Friday, November 7, 2008

Hezbollah "Hails" Obama

http://www.earthtimes.org/articles/show/240393,lebanese-officials-and-hezbollah-hail-obamas-election.html

I would first like to begin with the slight bias of this article by the Earth Times. Let's begin with the very first sentence, "Lebanon's Shiite House speaker Nabih Berri, who is also close to the radical Shiite Hezbollah, hailed Thursday the election of Barack Obama as the next US president, urging him to push forward Middle East peace process". The author uses two code words, "close" when describing Berri's relationship with Hezbollah which is in fact misleading because Berri is often the negotiator between Hezbollah-led opposition and the pro-Government factions of the parliament, indeed he is Shi'i and leader of AMAL but by no means does he pose any real influence within the Hezbollah decision making process, "close" is code for the next word used, "radical" when describing Hezbollah. "Radical" is code for terrorist and fundamentalist.

However, moving forward, this article did pose an interesting situation, a situation in which all Lebanese factions seem to have agree with the notion that Obama's election was good for Lebanon, and the Middle East.

"Nawaf Moussawi, head of the international relations of Shiite group Hezbollah also welcomed Obama's victory, saying that "change will definitely come" in US policy".

I thought this was very telling of Hezbollah that they were welcoming of Obama's rise to primacy.
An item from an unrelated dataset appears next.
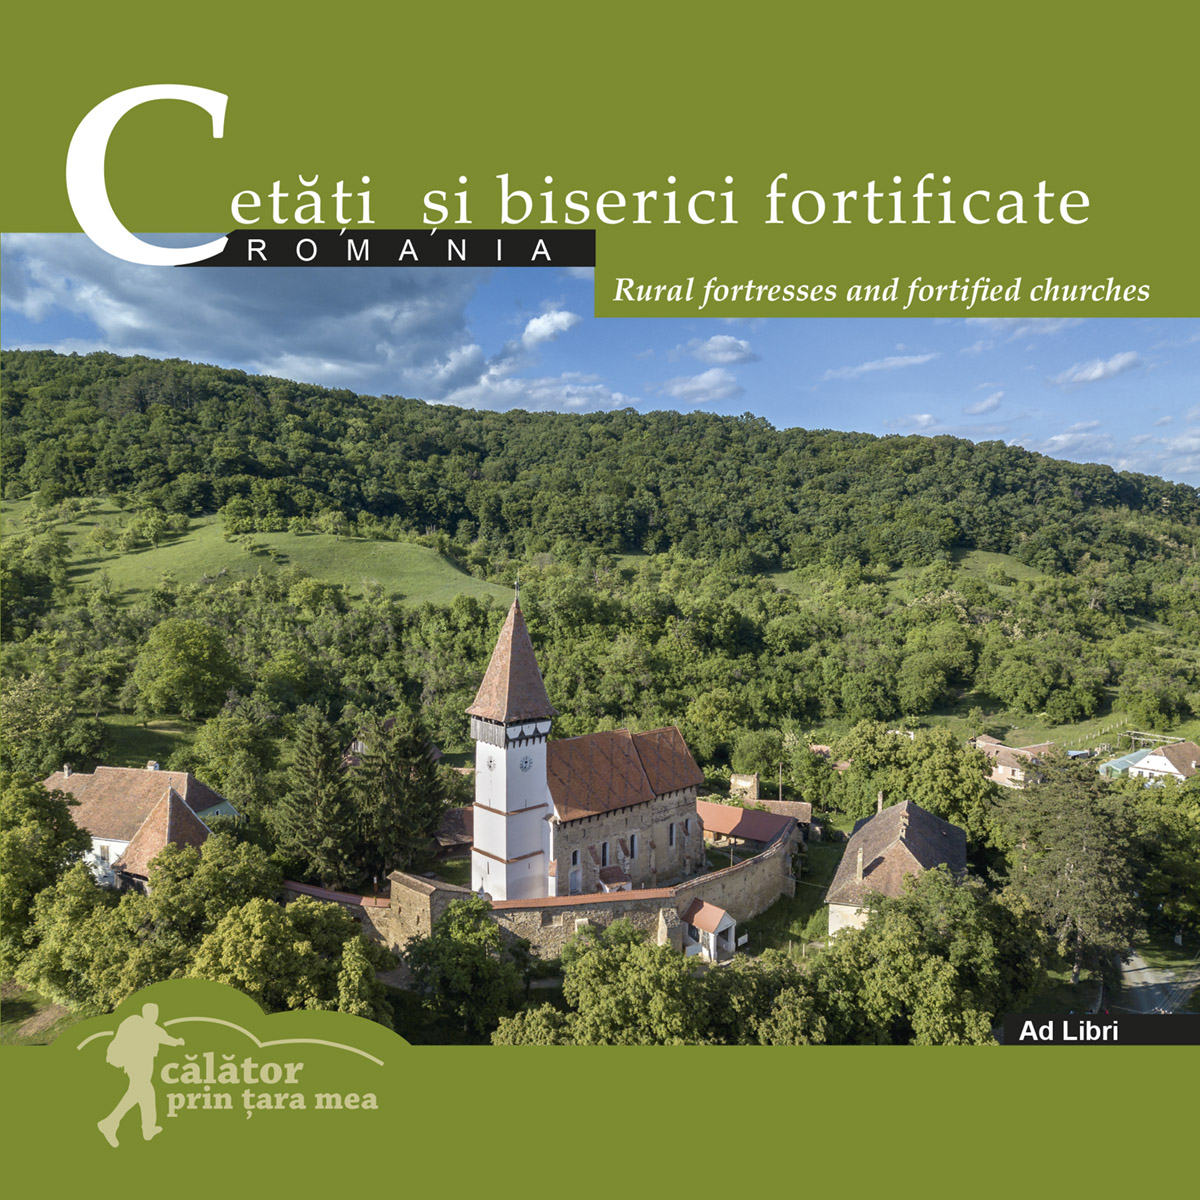 Cetati si biserici fortificate: Romania. Calator prin tara mea - Mariana Pascaru, Florin Andreescu

It shows the underlying reason as to why Hezbollah was created, in the name of social justice., equality, welfare, and empowering the deprived. Obama represents the realization that the old racial barriers, agony, discrimination, that African-Americans have fought and died for since the creation of the United States of America can be overcome. That the "under-dog" can win, even against the greatest odds. Obama's movement was formulated at the grass roots level with a coalition of the workingmen, the poor, the disenfranchised, the college elites, women, and the general youth. This is in fact quite similar to Hezbollah's roots.

According to Lara Deeb Hezbollah was formed off the belief that Shiites must have their fair representation and can no longer be discriminated against and that Lebanese society must break down this Confessional System of power which artificially represents equality when in fact it mandates inequality. Deeb states, "Initially, this growing urban population of mostly Shi‘i poor in Lebanon was not mobilized along sectarian lines...Al-Sadr offered the “Movement of the Deprived,” dedicated to attaining political rights for the dispossessed within the Lebanese polity. A militia branch of this movement, Amal, was founded at the start of the Lebanese civil war in 1975. Alongside al-Sadr, there were also other activist Lebanese Shi‘i religious leaders, most of whom had also studied in Najaf, who worked to establish grassroots social and religious networks in the Shi‘i neighborhoods of Beirut".

The lines are parallel, it seems that the similarities lie within the parameters of how each movement built their social network.